Она хранила у себя баночку мёда, которую вечерами ставила на стол, открывала окно и ждала. Через некоторое время чёрно-жёлтые насекомые из темноты залетали на свет. Единственная лампочка в люстре светилась ярко. Тётя быстро убирала баночку, а пчёлы, забыв о цели визита, поднимались ввысь, к свету. Начинался безумный полёт по часовой стрелке, жужжание и тиканье вступивших в бой. Пчёлы прикладывали последние силы и, подобно Икару, не замечая опасности, рвались к своему солнцу…
Тётя смотрела на настенные часы. Три, два, один. Свет гас, а пчёлы, как и положено, оказывались на холодной ладони стола. Затем свет снова включался. Всё заканчивалось. Она доставала другую банку, — наполовину заполненную дохлыми пчёлами. К ним присоединялись только что уморённые. Видимо, тётя никогда не задумывалась, что же будет делать с ними потом…
— Ну почему ты никогда не носишь вещи красного цвета?

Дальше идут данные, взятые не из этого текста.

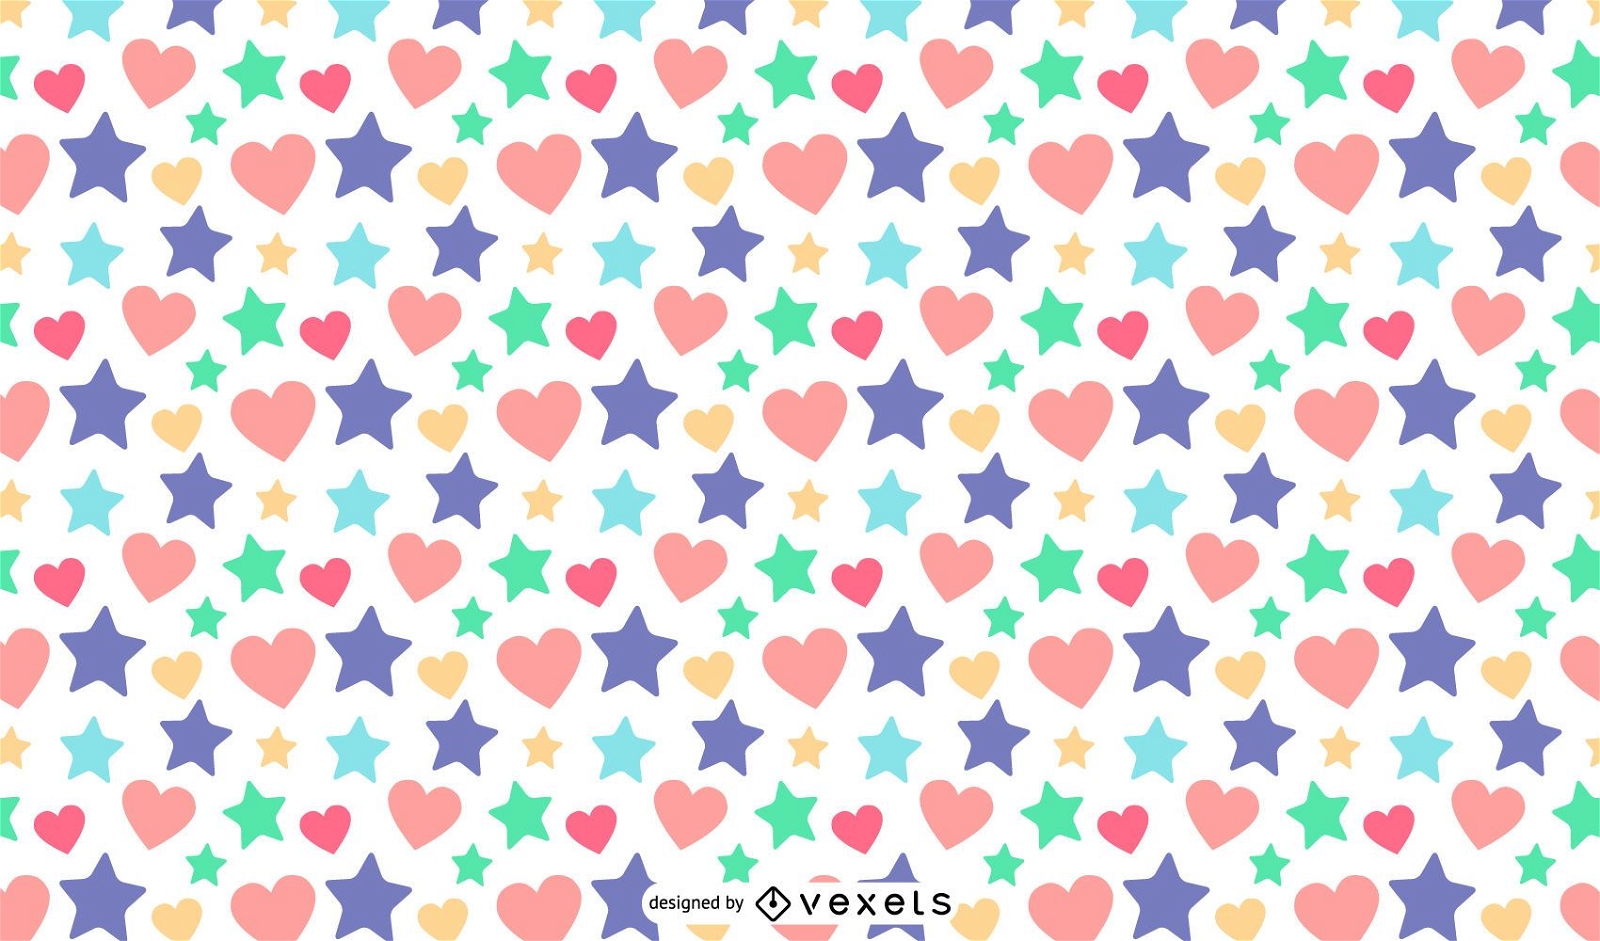 hearts and stars designs

— Ты обиделся, что я не ношу свитер, который ты мне подарил? Просто красный кажется мне чересчур агрессивным… навязчивым. А ещё — мешают воспоминания.
— Война, кровь, предки?.. Ладно, прости, но реально, иногда я тебя совсем не понимаю.
— Не твоя беда. А что ты там пишешь? Давай показывай, что там у тебя на экране? Это ведь не отчёт по продажам великов в магазине?
— Не отчёт. Пока мне самому не ясно, но что-то вроде эссе или очерка…
— И о чём?
— О философии свободного вращения.
— Чего?.. Чай будешь?
— Нет. Прикинь, я хочу донести до людей мысль, что вообще не страшно терять работу, хобби, города и мебель. Вертеться — значит освободиться, понимаешь? Двигаться дальше, колесить по свету, мыслить свободно, без всяких рамок, навязанных родителями, религией, школой, любимыми.
— Так ты готов потерять работу и свободно двигаться дальше?
— Ну, если только вместе с тобой. Да оставь ты этот чай, иди сюда вдохновлять своего великого мужчину.
Красный я действительно не любила. Сколько себя помню, тётя всегда наряжалась во всё красное. Она думала, что цвет может решить её проблемы, сделать из неё удачливого человека и выразить эмоциональную страстную натуру, но вместо этого люди подмечали её истеричность и нервозность. Красные трусы свисали с люстры, но деньги не спешили появляться. Зато поздним летним вечером приключилась настоящая драма.
Бабушка с утра уехала в гости и должна была остаться там на ночь, но вдруг решила, что не будет спать в чужом доме. Повидались, мол, и хватит, и внезапно нагрянула домой. Мне уже исполнилось пятнадцать, я тихо сидела в своём подвале и читала книжку, но шум невнятных голосов и громкая брань заставили нас с мамой выбраться наружу.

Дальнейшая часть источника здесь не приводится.